### [Task prompt]
Your answer must hold only the lines below from the line containing "A charming antique" through the line containing "Belize Cave Tubing and Zip Lining Tour", each reproduced exactly.

### [Data for this task]
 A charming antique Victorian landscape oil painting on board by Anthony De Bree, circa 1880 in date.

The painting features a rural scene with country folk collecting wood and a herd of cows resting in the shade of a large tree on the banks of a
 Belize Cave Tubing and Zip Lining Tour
==
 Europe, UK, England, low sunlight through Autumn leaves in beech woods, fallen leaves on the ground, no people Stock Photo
---
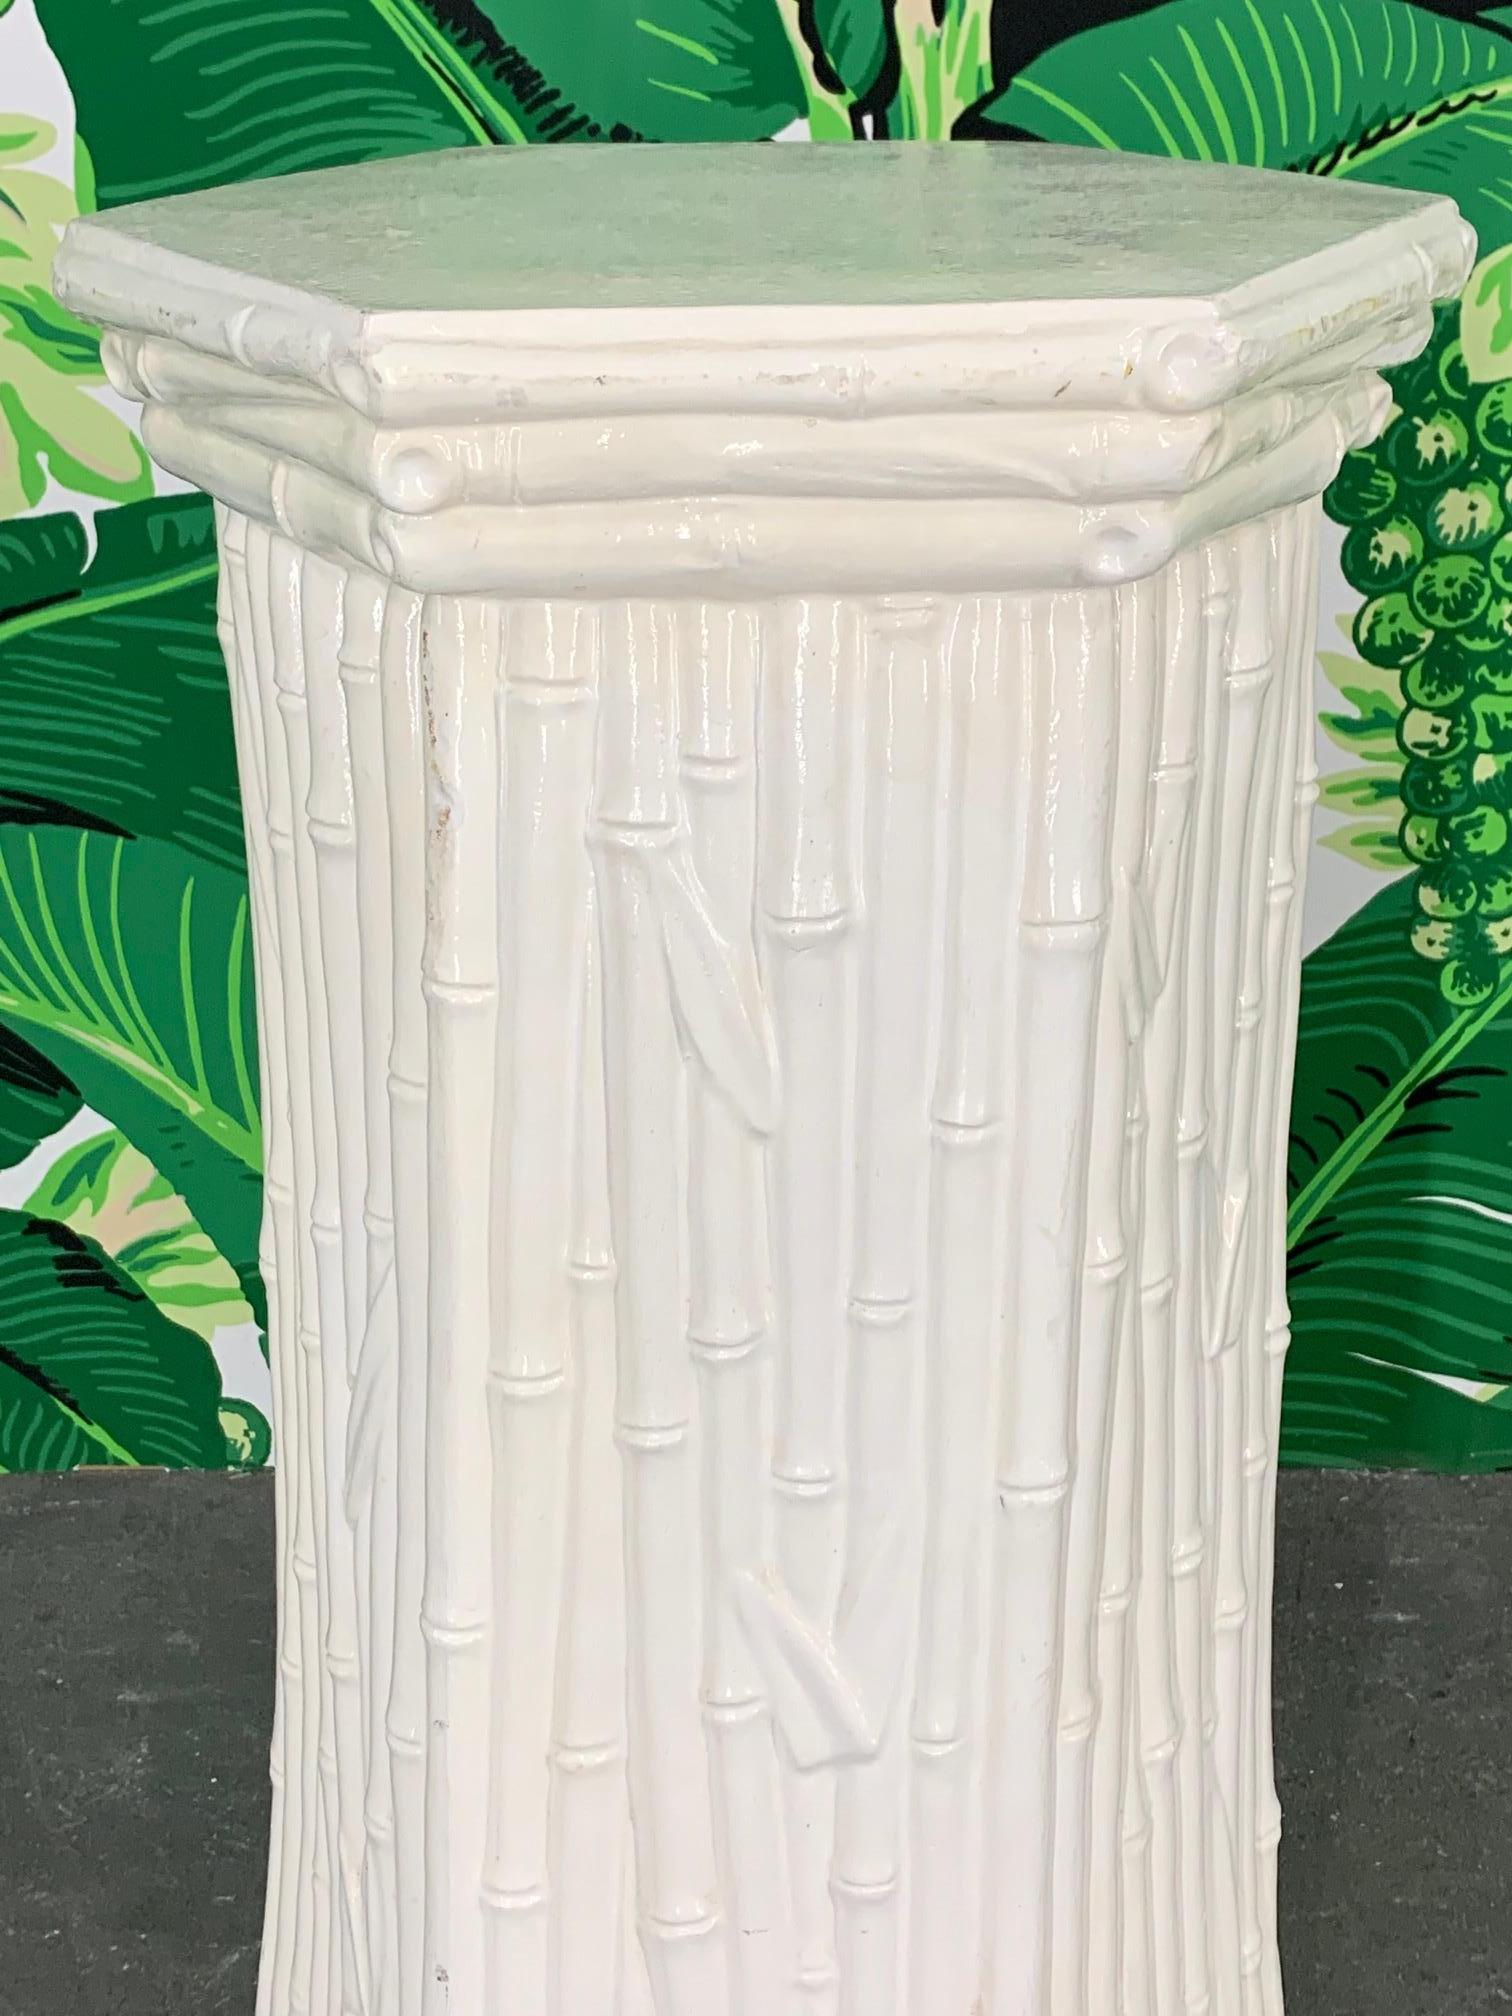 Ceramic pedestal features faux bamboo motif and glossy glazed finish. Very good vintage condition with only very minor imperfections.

### [Exercise solution]
 A charming antique Victorian landscape oil painting on board by Anthony De Bree, circa 1880 in date.

The painting features a rural scene with country folk collecting wood and a herd of cows resting in the shade of a large tree on the banks of a
 Belize Cave Tubing and Zip Lining Tour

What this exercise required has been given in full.